**About this exercise**
After finding "Free Authority Unisex" in the material below, output its line and every line after it through the last, exactly, but not the pictures.

**Collected data**

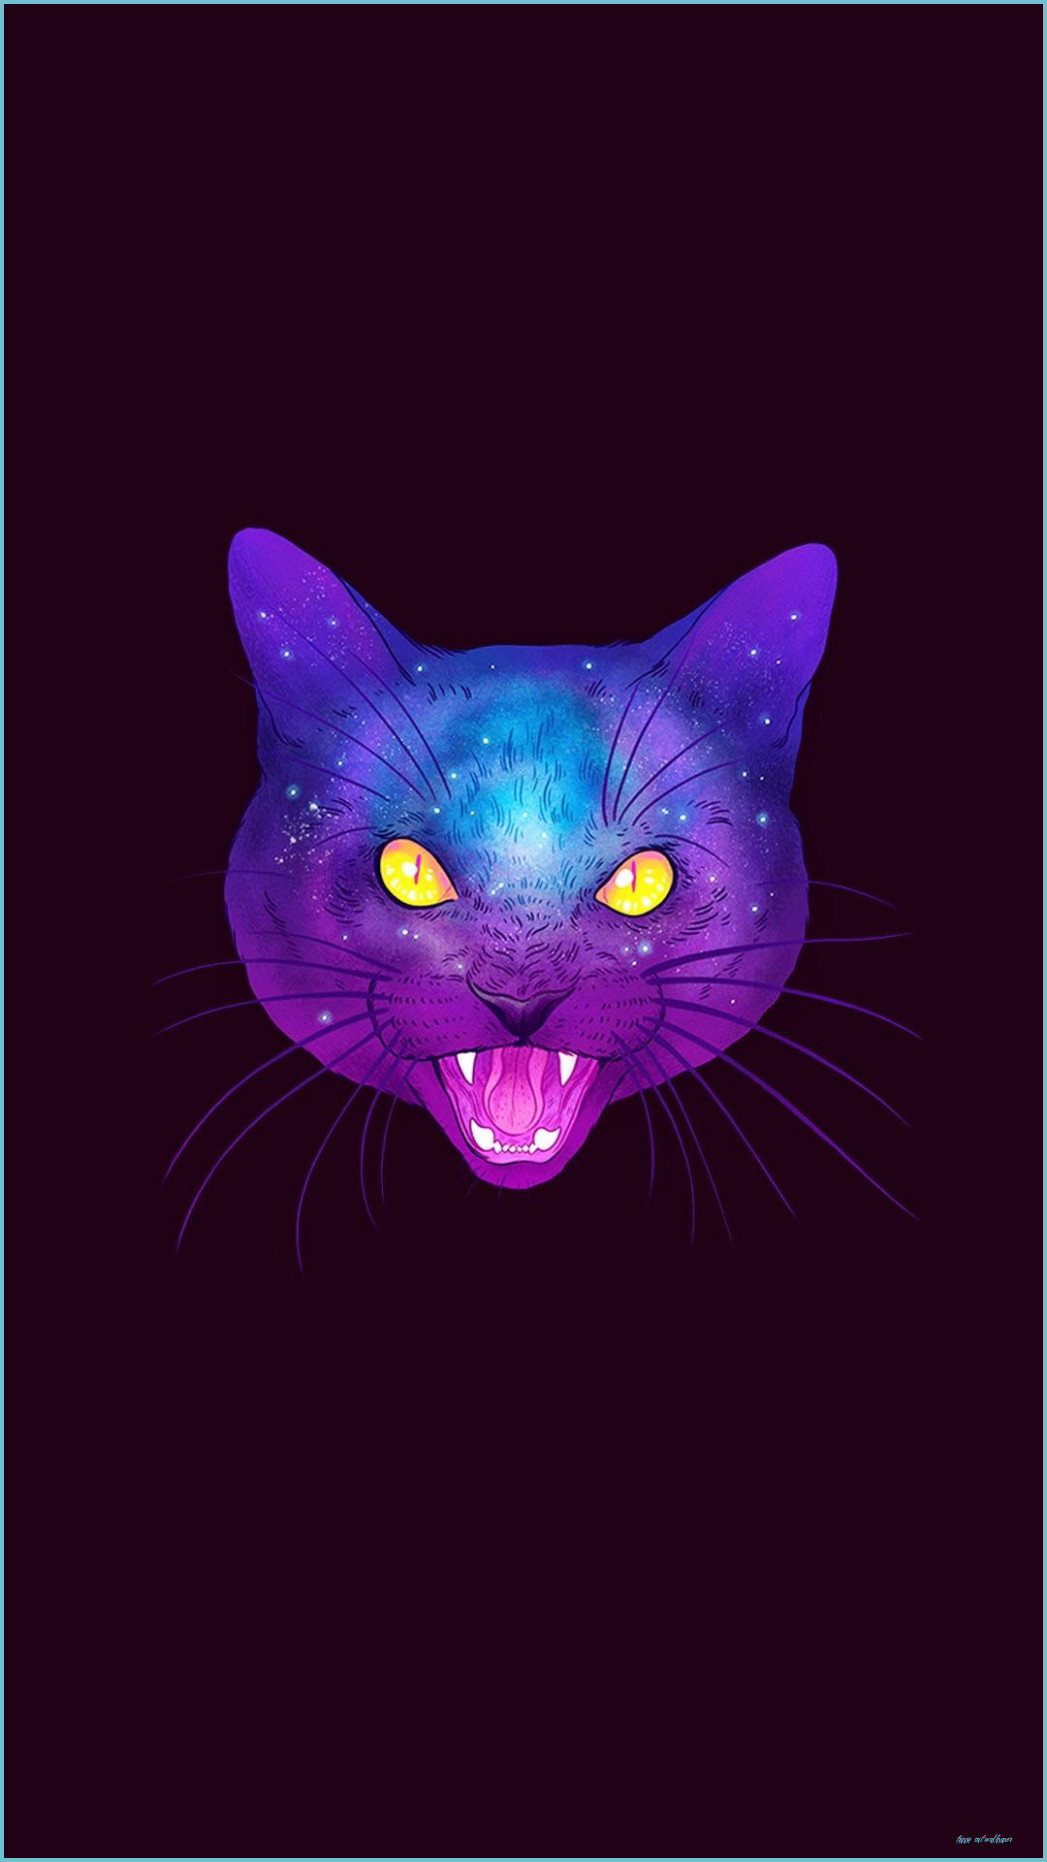 Trippy Cat Wallpapers - Wallpaper Cave
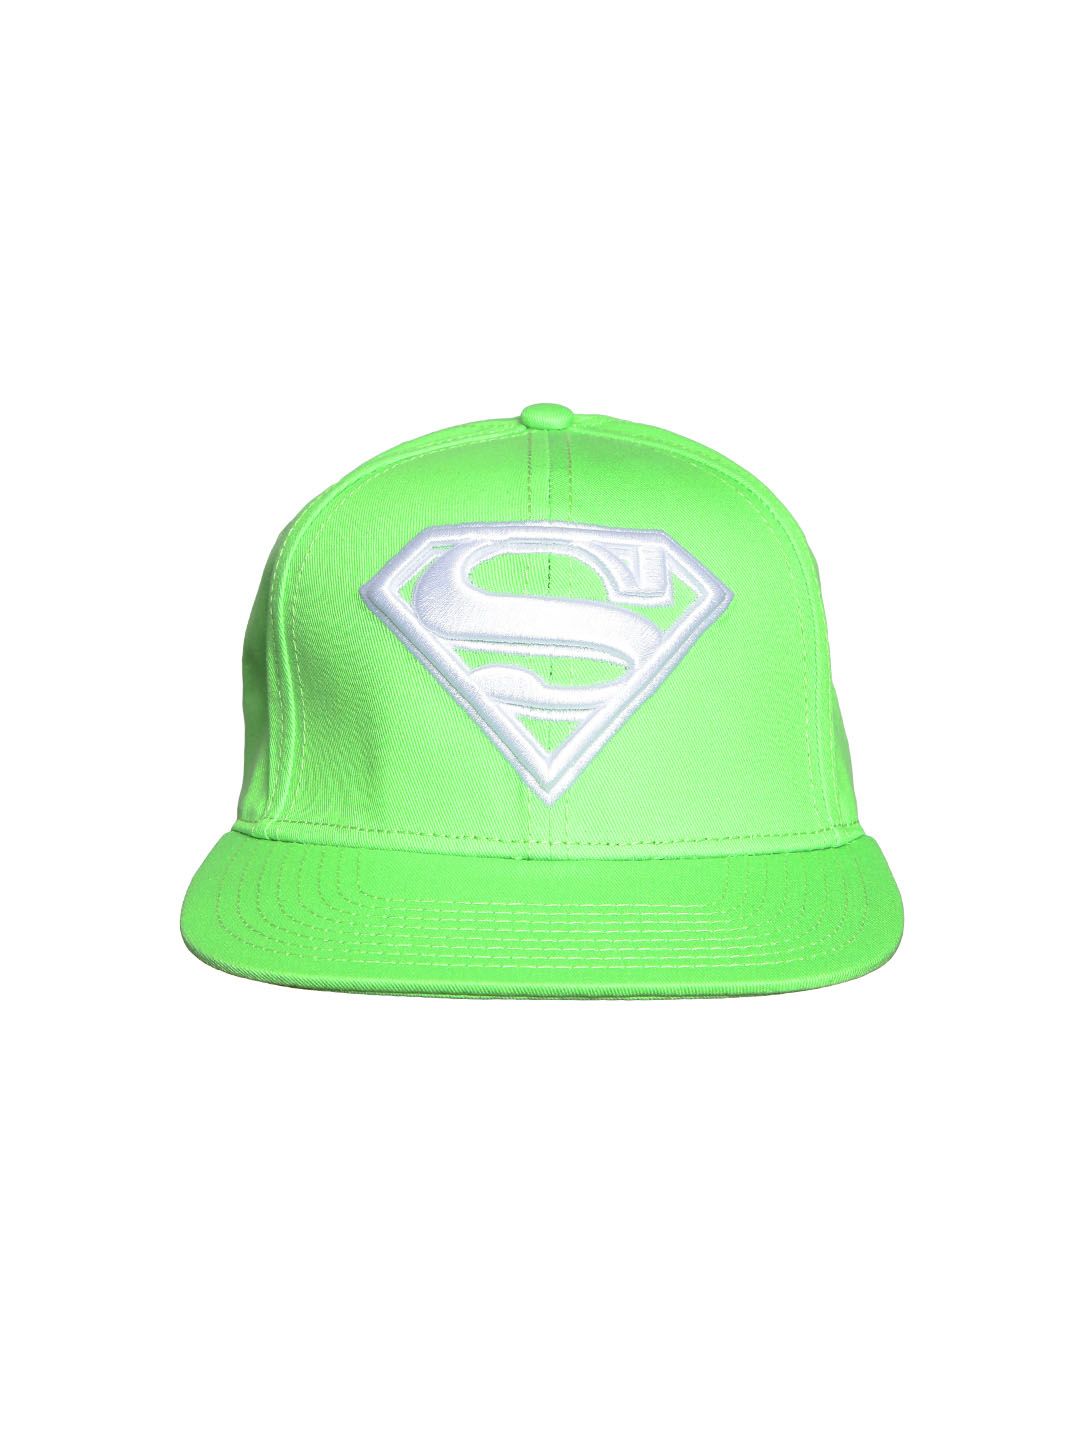 Free Authority Unisex Green & White Superman Embroidered Snapback Cap Price in India
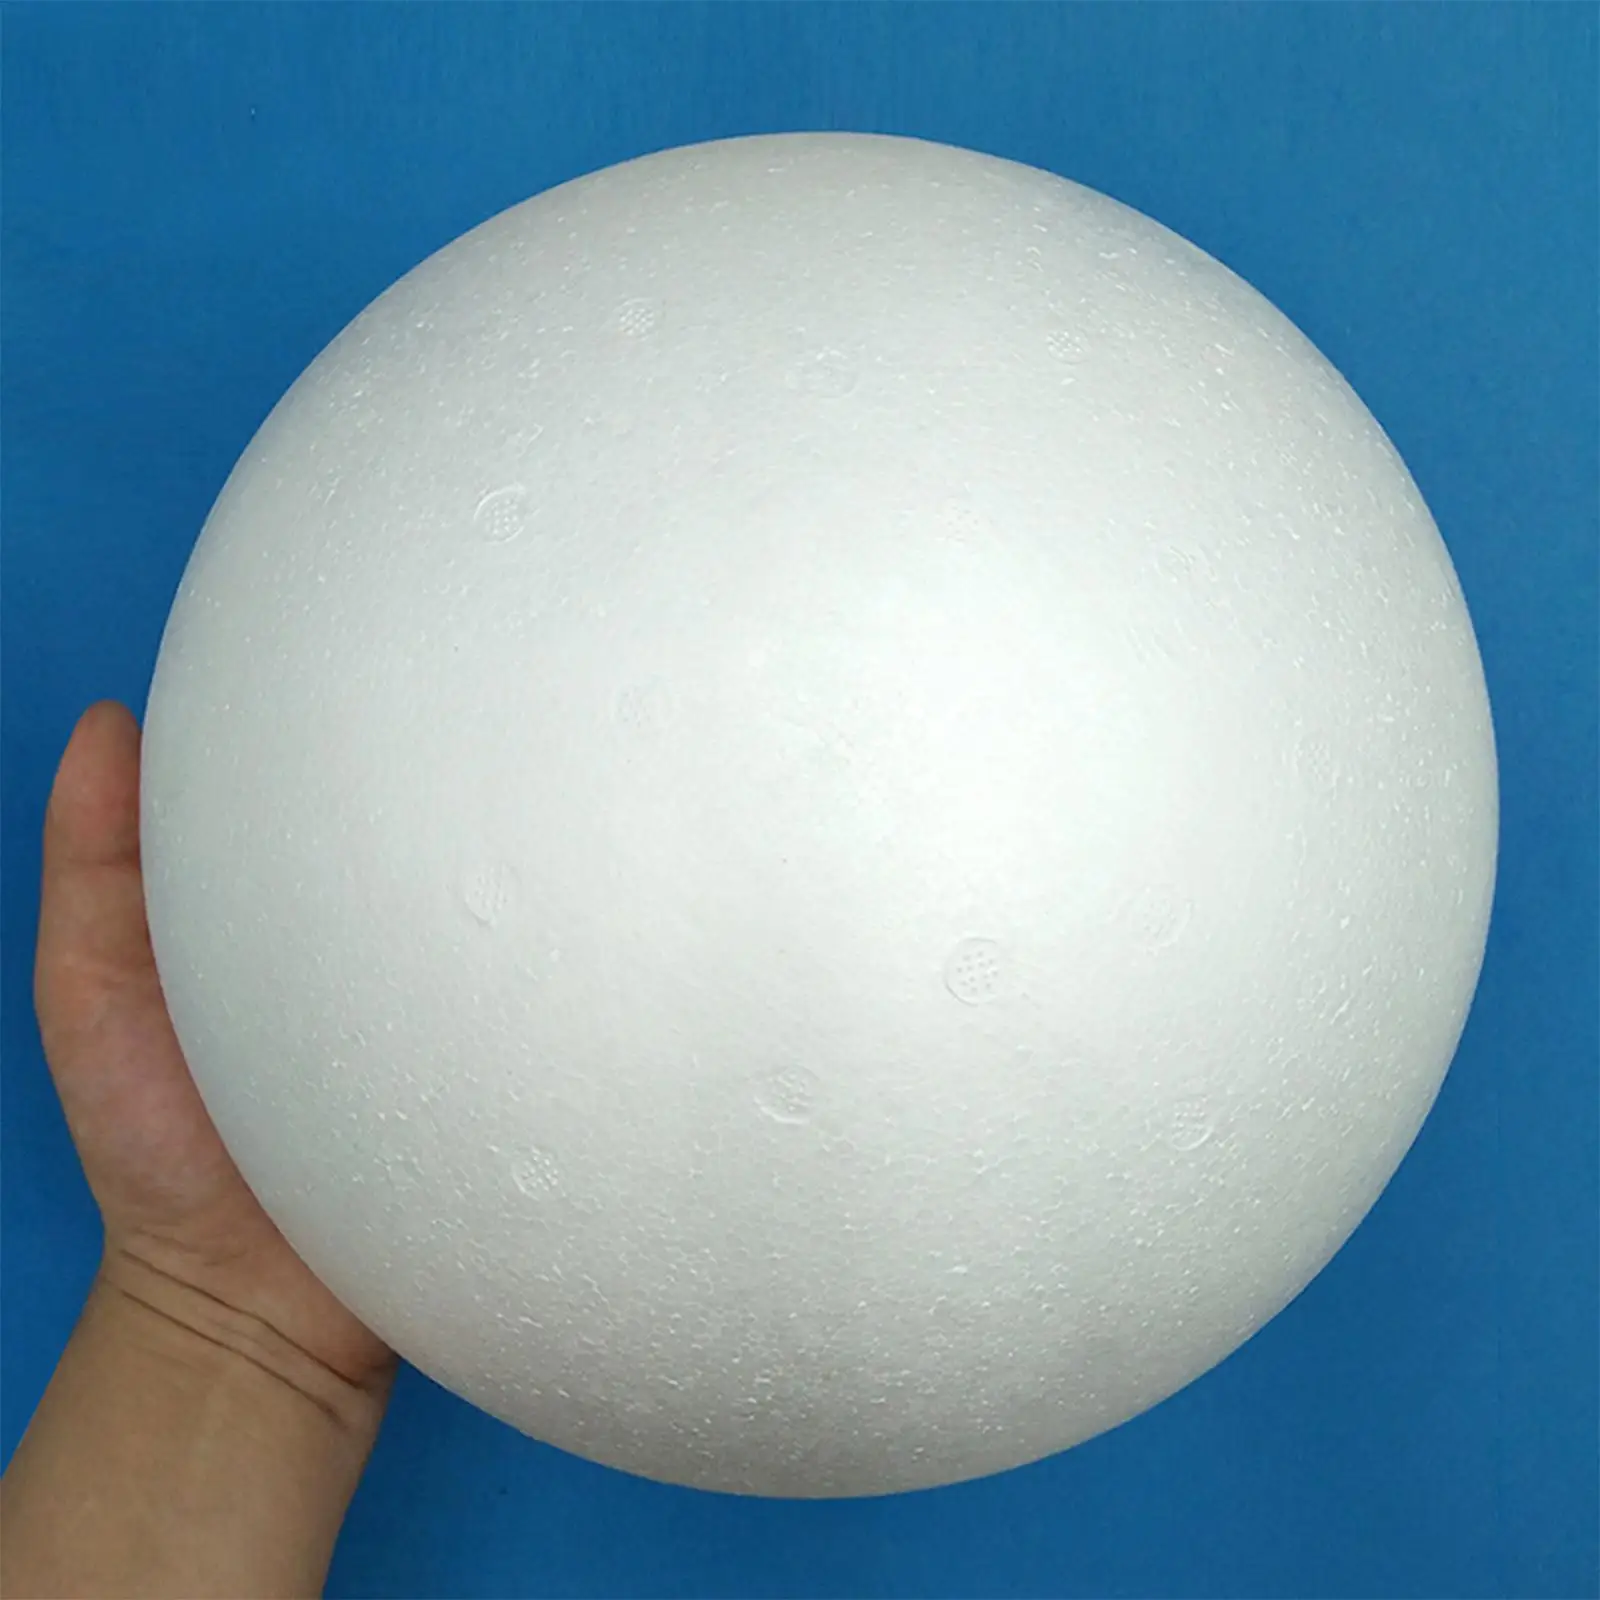 Foam Ball Half Round Mini Smooth School Supplies Toys 25cm for DIY Crafts Modeling Science Projects Decorations Birthday Wedding

**The answer**
 Free Authority Unisex Green & White Superman Embroidered Snapback Cap Price in India
 Foam Ball Half Round Mini Smooth School Supplies Toys 25cm for DIY Crafts Modeling Science Projects Decorations Birthday Wedding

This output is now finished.